Unreliable Narrator: USA Beat Canada

Today on Unreliable Narrator: Team USA beats Canada in Men’s Hockey for Olympic Gold.

Period 1: The teams take the ice with Team USA being the clear favorite given that the Canadians are a bunch of three foot tall wood chucks who speak French. Matt Goldy scores the first goal by ricocheting the puck off Plymouth Rock and the Statue of Liberty, both of which had been moved to Italy for some reason.

First intermission: The duplicitous canucks, seeing their dire situation, hire the Zamboni driver to coat the ice in maple syrup, giving their team a clear advantage. Despite being an American, the Zamboni driver takes this payoff from a state enemy, citing his limited earning potential outside the small window of the Winter Olympics. Americans are outraged at his lack of patriotism, along with the perversion of a great American invention, the Zamboni.

Second Period: Stuck to the ice, Team USA is powerless to stop the woodchuck brigade from scoring once as Cale Makar makes the goal for Canada, knocking the puck in as his teammates tie the goalie to the back of the net. The poutine lovers are insufferable, openly bragging about the superiority of Lablatt Blue and claiming Tim Hortons is better than Dunkin.’

Second Intermission: Invoking the spirit of Herb Brooks, Team USA is able to spiritually clean the ice. The Zamboni driver explodes into flame. So does that Russian woman who claimed that Alysa Liu looked fat. No seriously. Fuck that lady.

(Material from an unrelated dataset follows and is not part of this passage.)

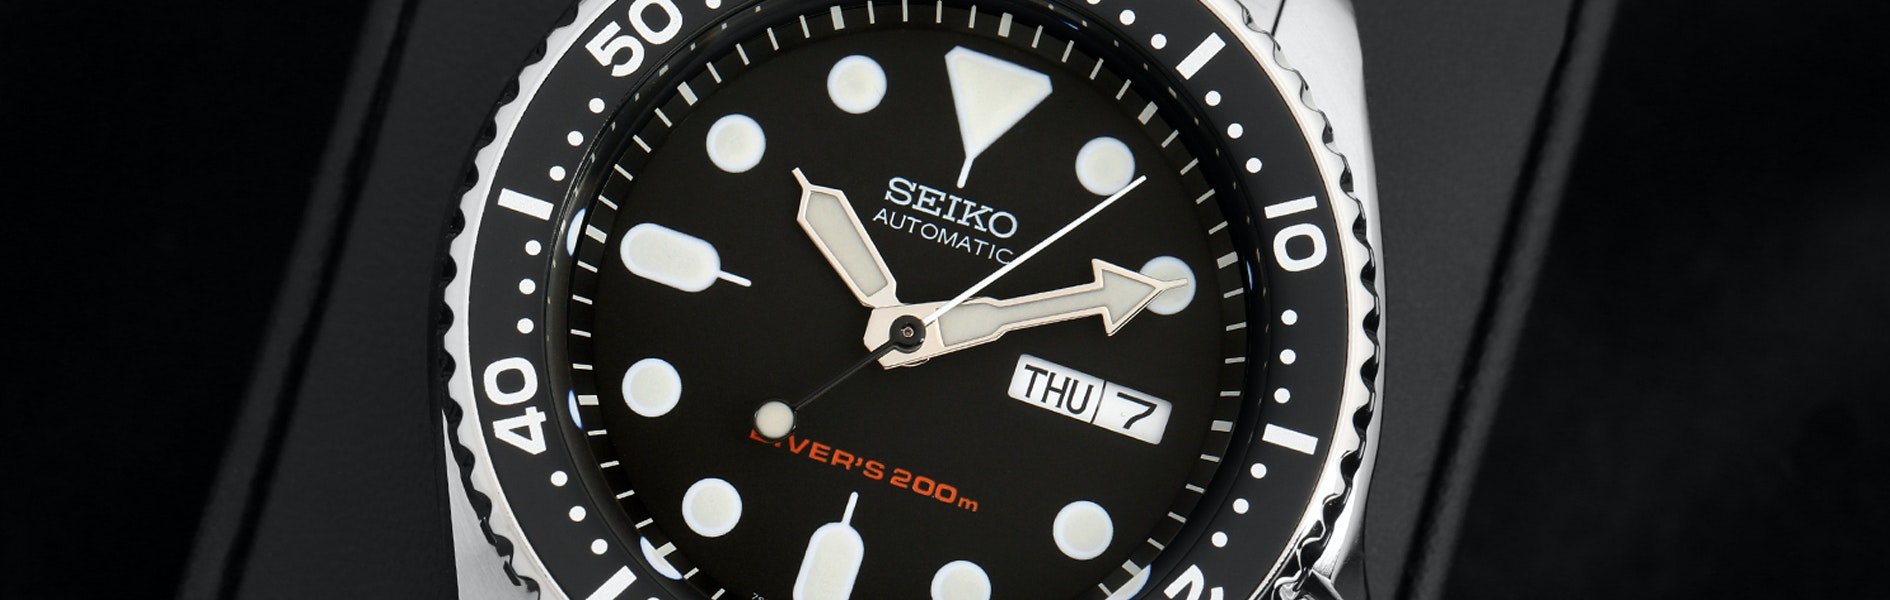 Seiko Core SKX Dive Watch

Third Period: With the odds once again even, the Canadians have to take their cheating to a whole new level. They take the ice with flamethrowers, ATVs, advanced alien weapons taken from Area 51, samurai swords, and a new strain of Covid. Team USA comes armed with nothing but their talent and heart. They fight to a tie.

Final intermission: In between the third period and overtime, my Canadian publisher, I Ain’t Your Marionette Press, calls me and asks what is with all this hostility against Canada. After a few choice words, I switch sides. Here’s a link to my book, by the way.

Overtime: The plucky underdog Canadians face off one last time against the Yankee Imperialist bad guys in this match of good vs. evil. Needless to say, just as I start cheering for the canucks, they lose.